There are studies in the literature that compare the efficacy of air
polishing devices vs ultrasonic instrumentation and air polishing
devices vs hand instrumentation. The reports revealed that air polishing
and hand or ultrasonic scaling are clinically efficient for interrupting
and removing plaque. In addition, air polishing abrasives are also
investigated for their potential harm to the hard and soft tissues in
different ex vivo or in vitro settings. The surface modifications of the
treated teeth and soft tissues by different air-polishing abrasives such
as sodium bicarbonate, glycine, erythritol, calcium carbonate, and
bioglass are evaluated not only for the specifications of the powders
but also for air-polishing devices. In the literature, air polishing
powders were evaluated with their grain size and shape; air polishing
devices for angulation and distance of application, exposure time, and
surface modification of hard tissues were evaluated with defect depth,
defect volume, defect size, surface roughness, cleanliness and root
substance removal the methods such as biopsy, the triplicate wax pattern
of defect, average weight, electron microanalyzer, micro-CT,
3-D-measuring microscopy, SEM, confocal laser scanning microscope, light
microscopy, superimposition, impressions, replicas, epoxy resin casts,
and optical profilometer etc.
Since air-polishing devices are an inevitable part of the clinical
periodontal practice for the treatment of periodontal diseases and
maintenance, the present study was conducted to analyze the effects of
different air-polishing powders on the enamel and exposed root surface.

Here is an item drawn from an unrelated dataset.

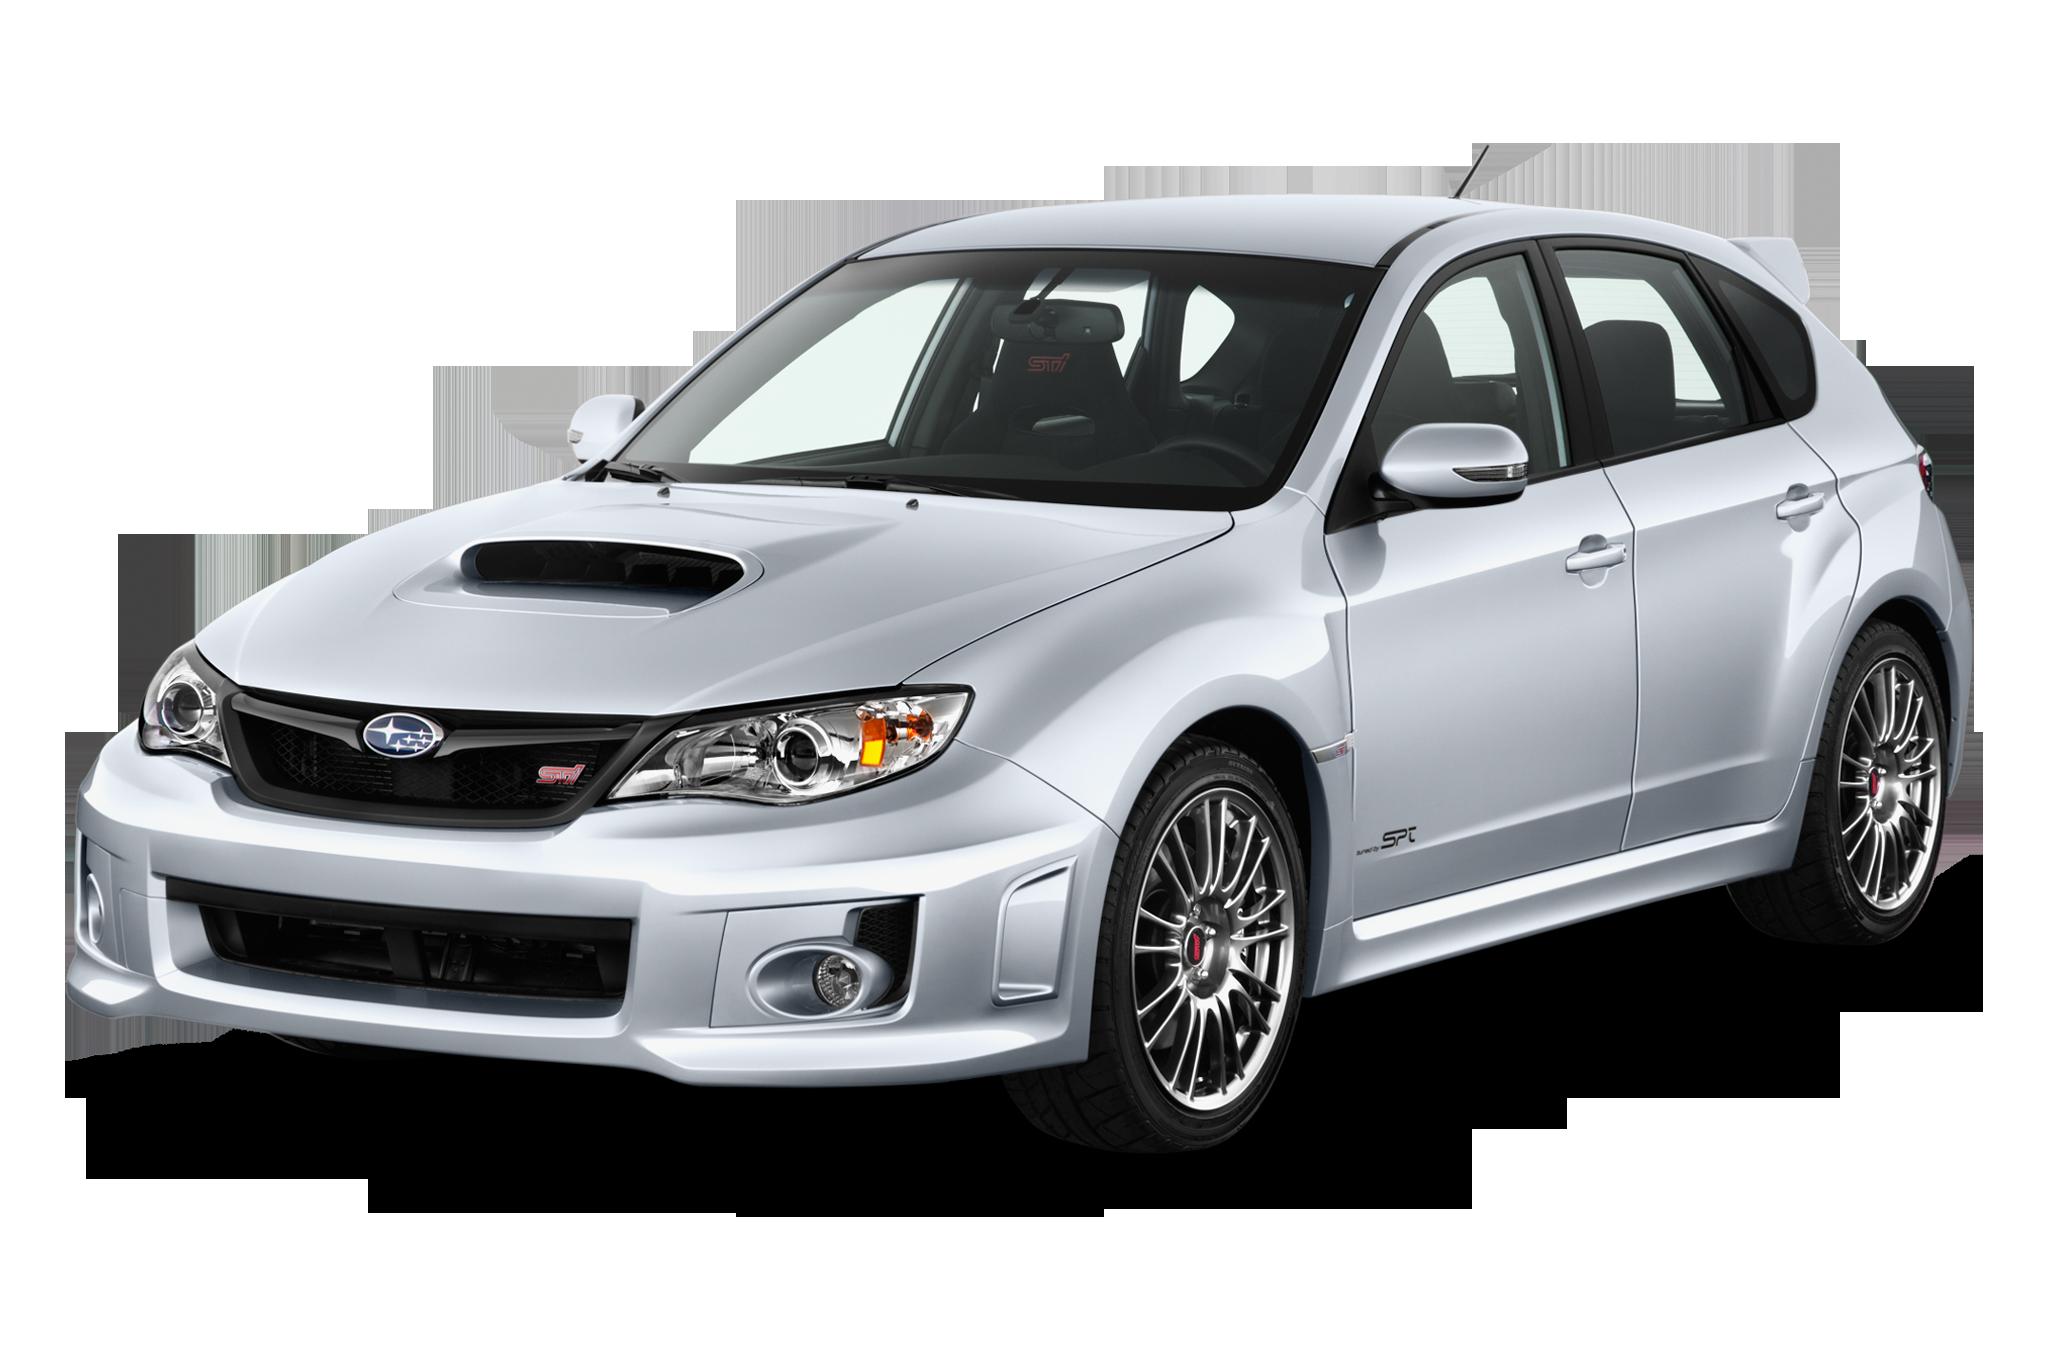 2014 Subaru Impreza, 2014 Volvo XC90 Rated Top Safety Pick +

Our hypothesis was that with erythritol air polishing, defect volumes,
defect depth, and demineralization depth on enamel and exposed root
surface would be smaller than those created with sodium bicarbonate and
glycine powder. The second hypothesis was that defect depth, defect
volume, and demineralization depth value at the maximum power setting
would be higher than at medium power setting values in all groups.
Therefore, the aim of this in vitro study to test these hypotheses is to
evaluate the effect of an air-polishing device using three different
air-polishing powders on enamel and exposed cementum surfaces in the
oral cavity at two different power settings.